_Data provided_

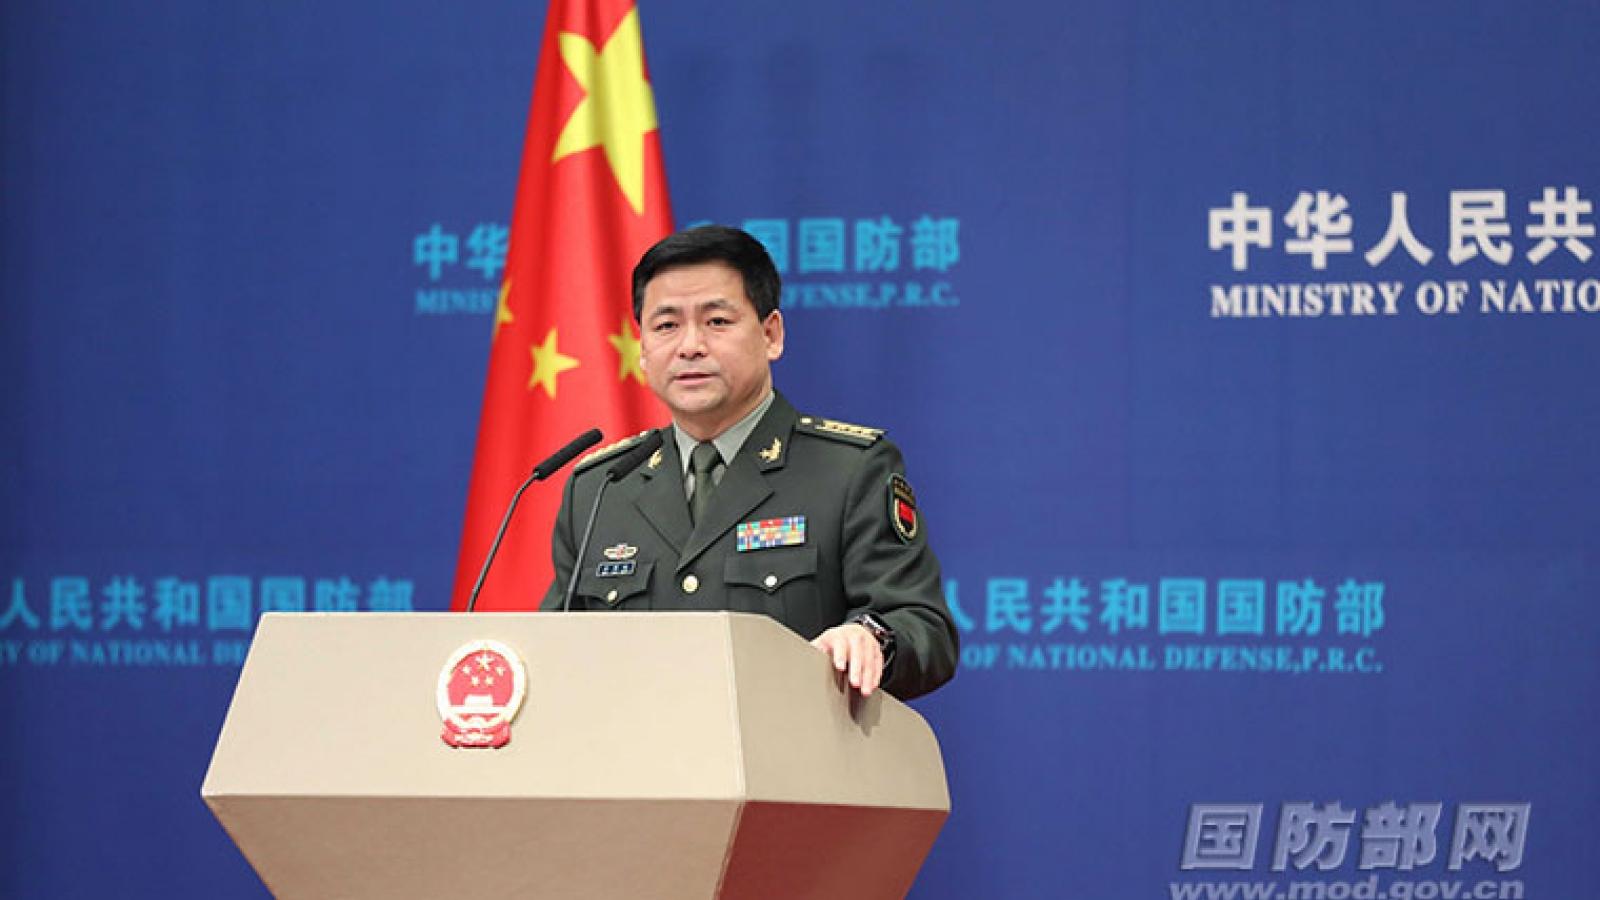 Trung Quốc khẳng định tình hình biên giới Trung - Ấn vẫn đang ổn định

* * *

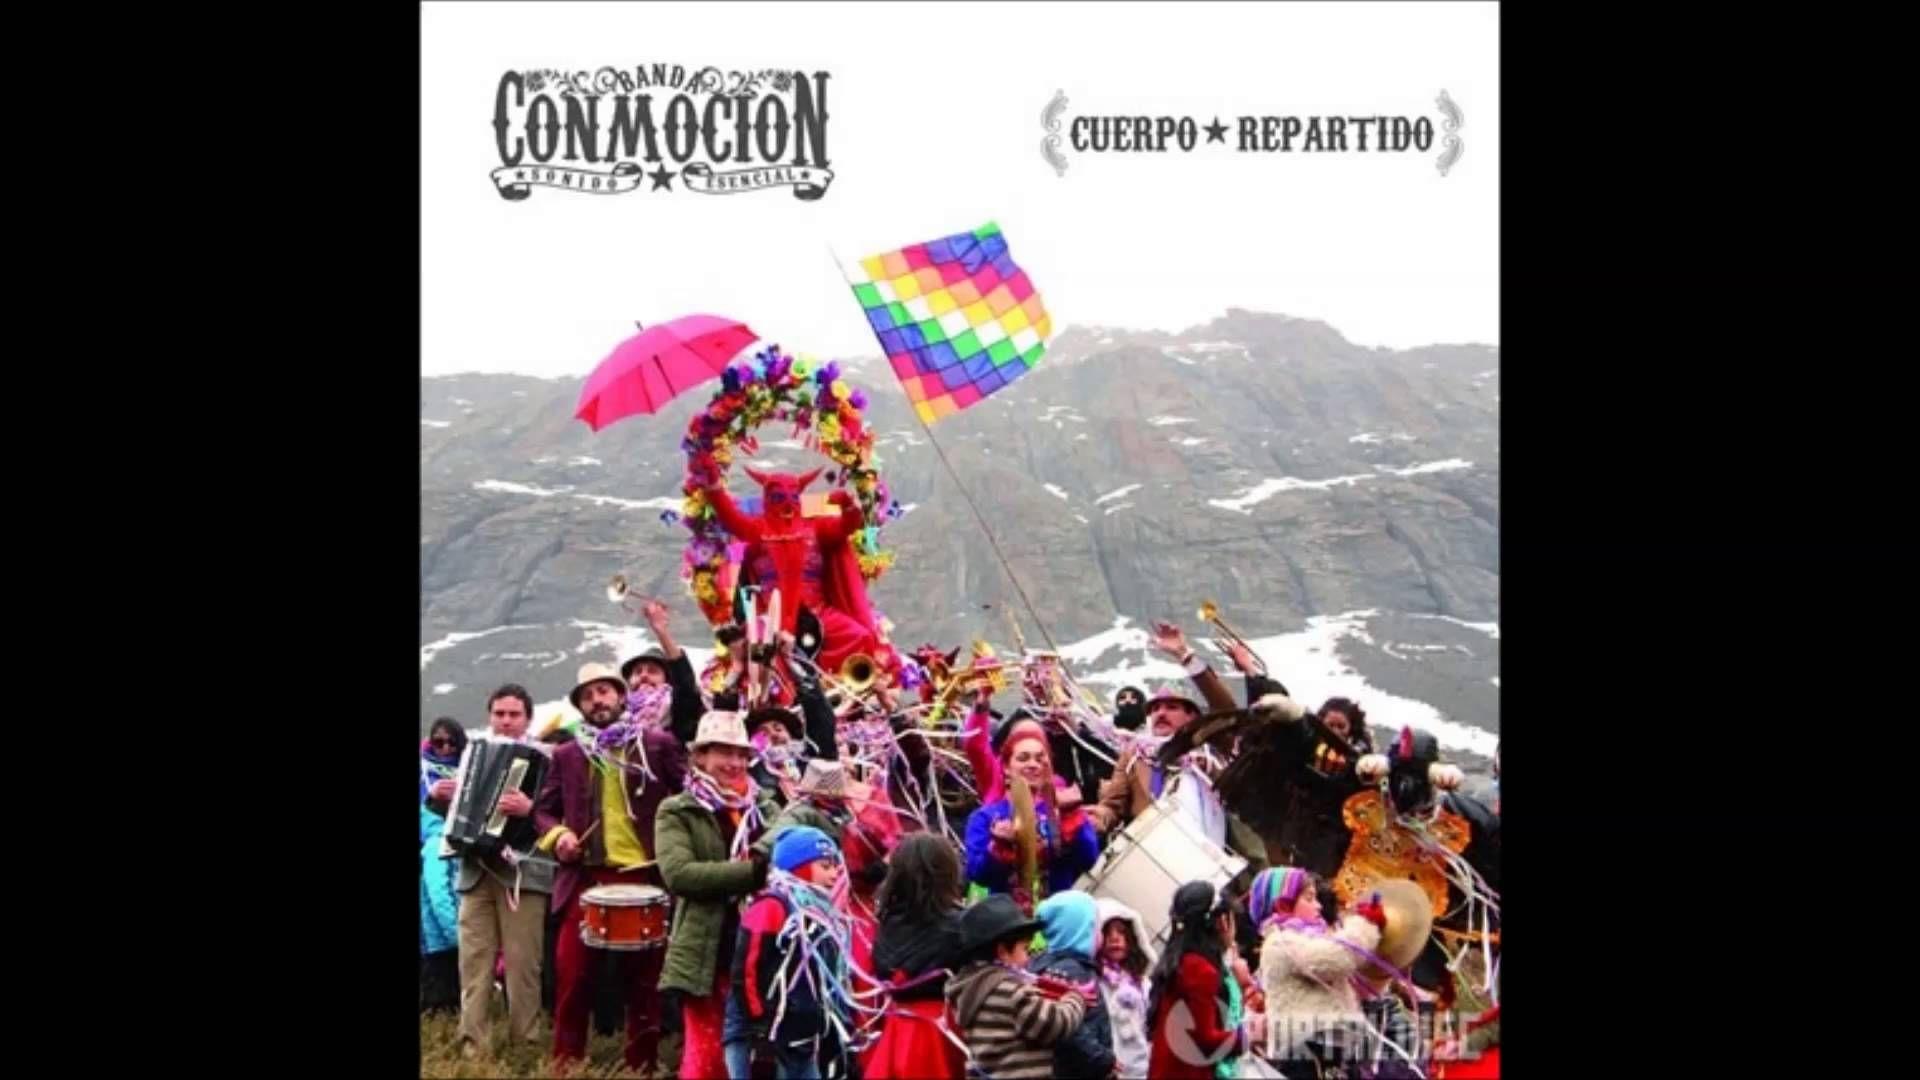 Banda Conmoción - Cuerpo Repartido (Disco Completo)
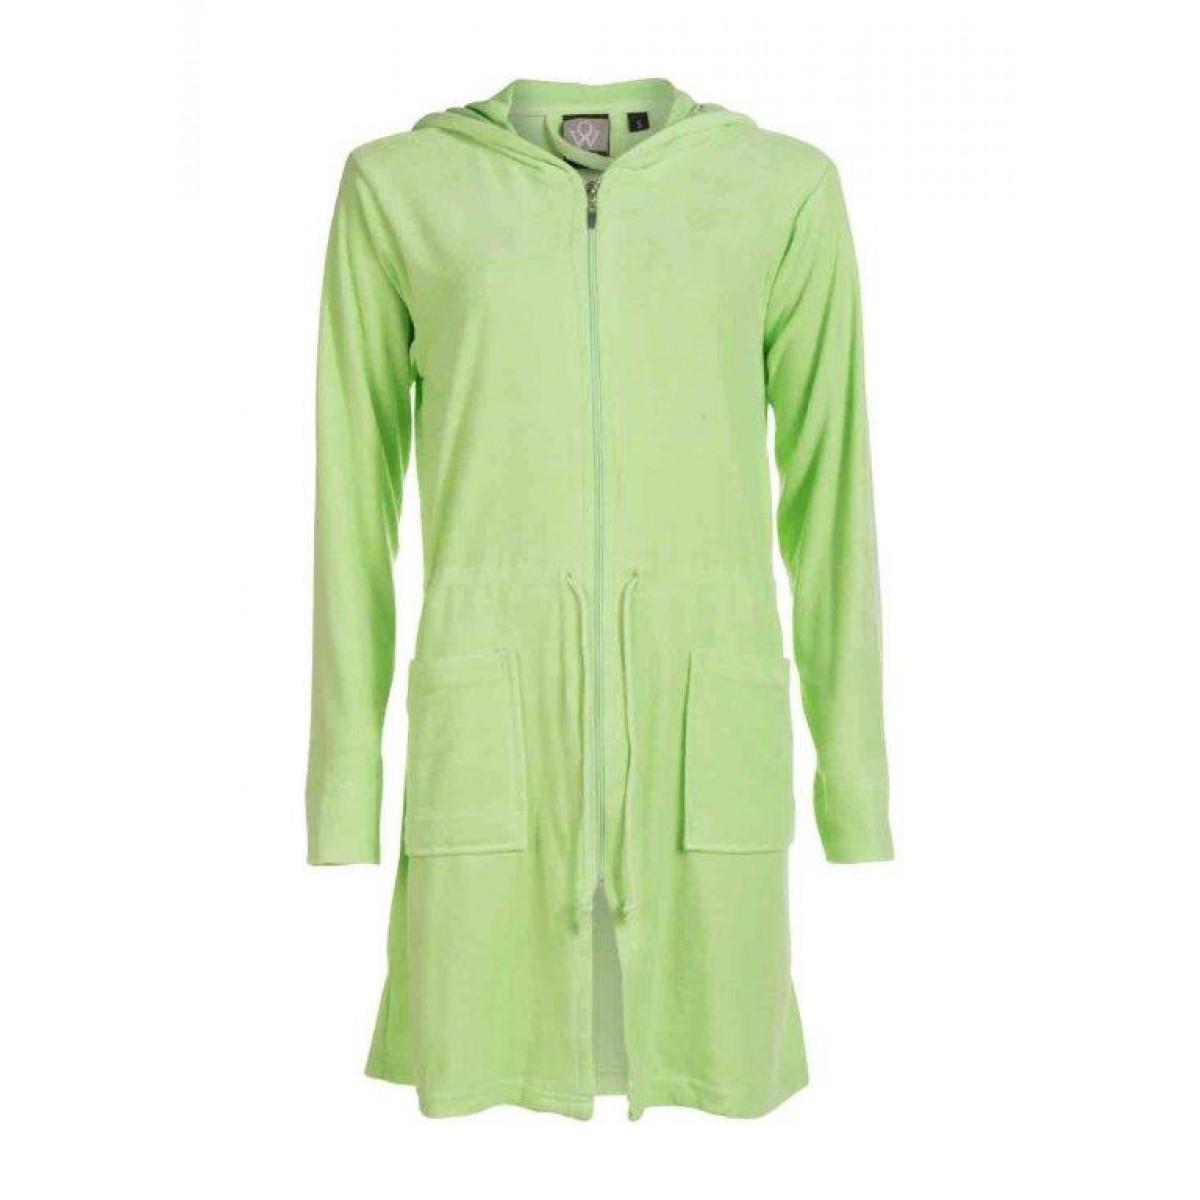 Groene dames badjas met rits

==

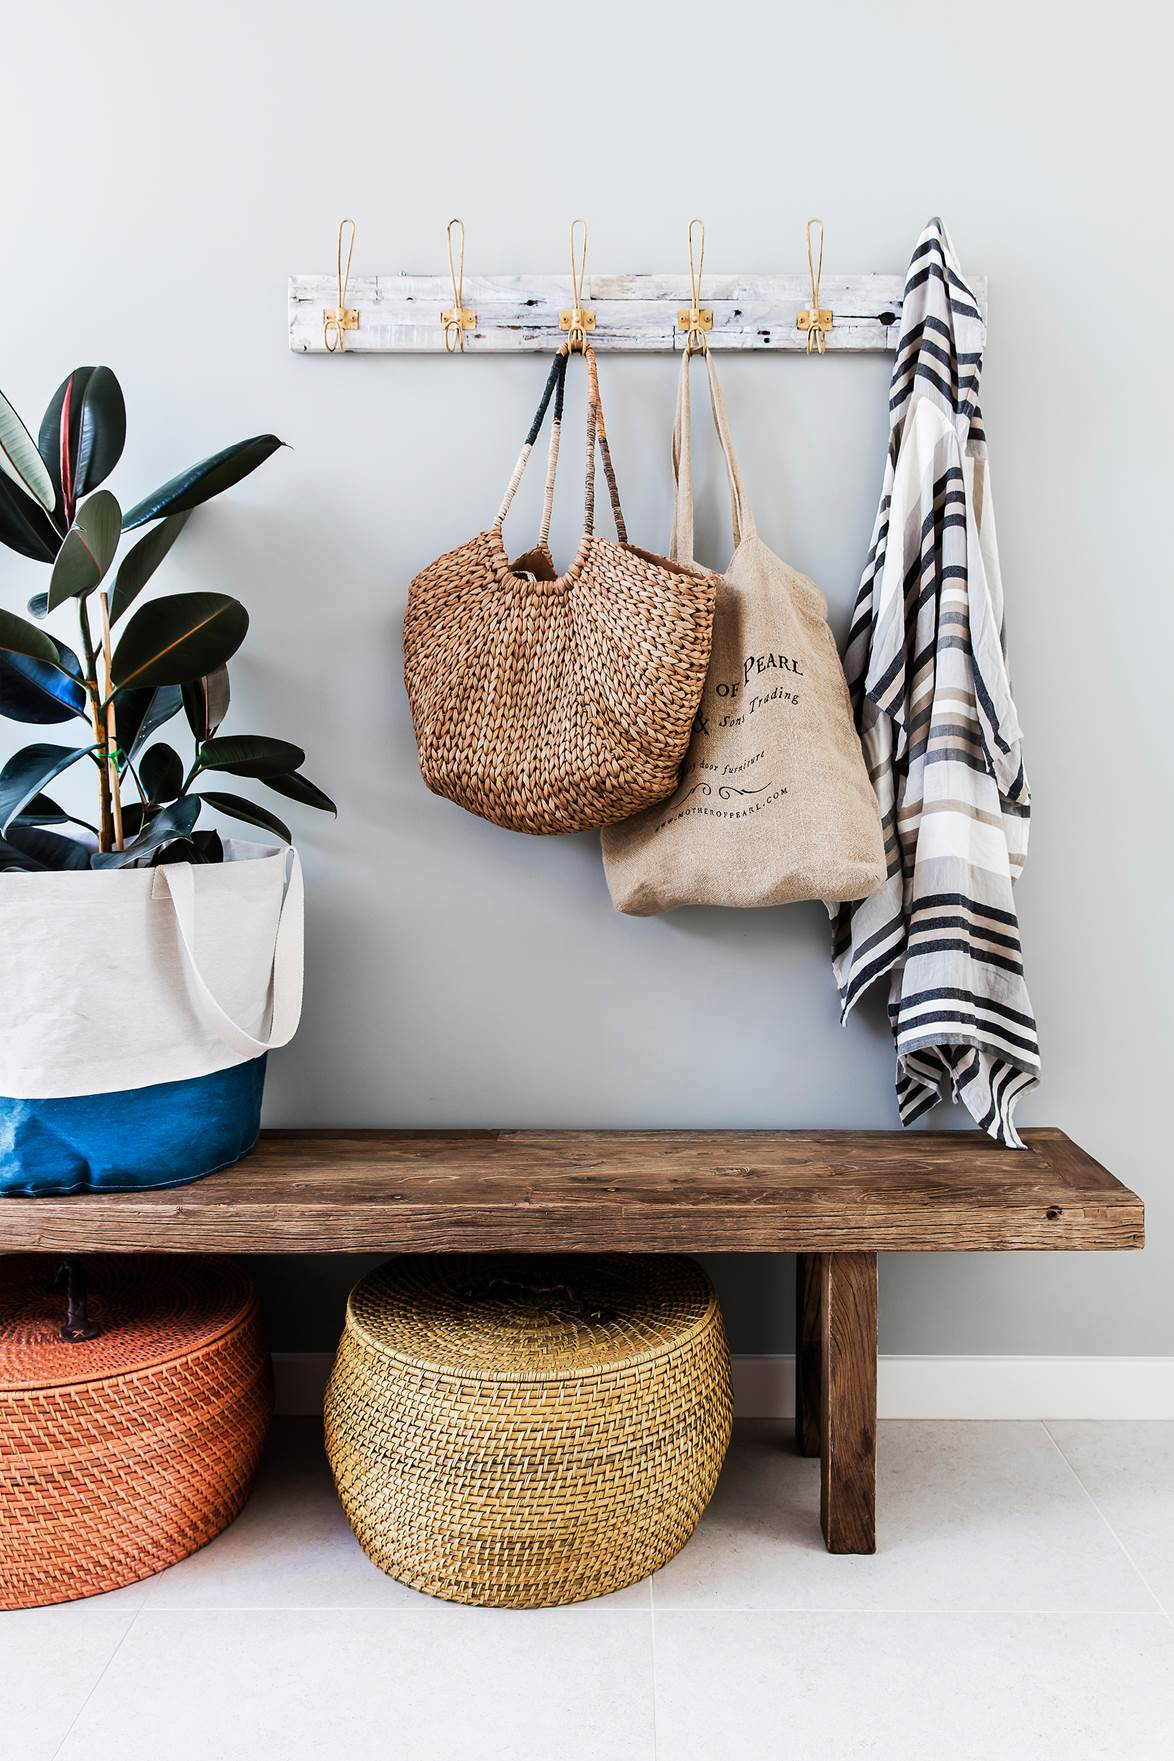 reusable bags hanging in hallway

_Task goal_
In the material above, which lines fall between the one holding "Banda Conmoción - Cuerpo" and the one holding "Groene dames badjas met rits", inclusive? Print exactly those, with the pictures left out.

_Expected answer_
 Banda Conmoción - Cuerpo Repartido (Disco Completo)
 Groene dames badjas met rits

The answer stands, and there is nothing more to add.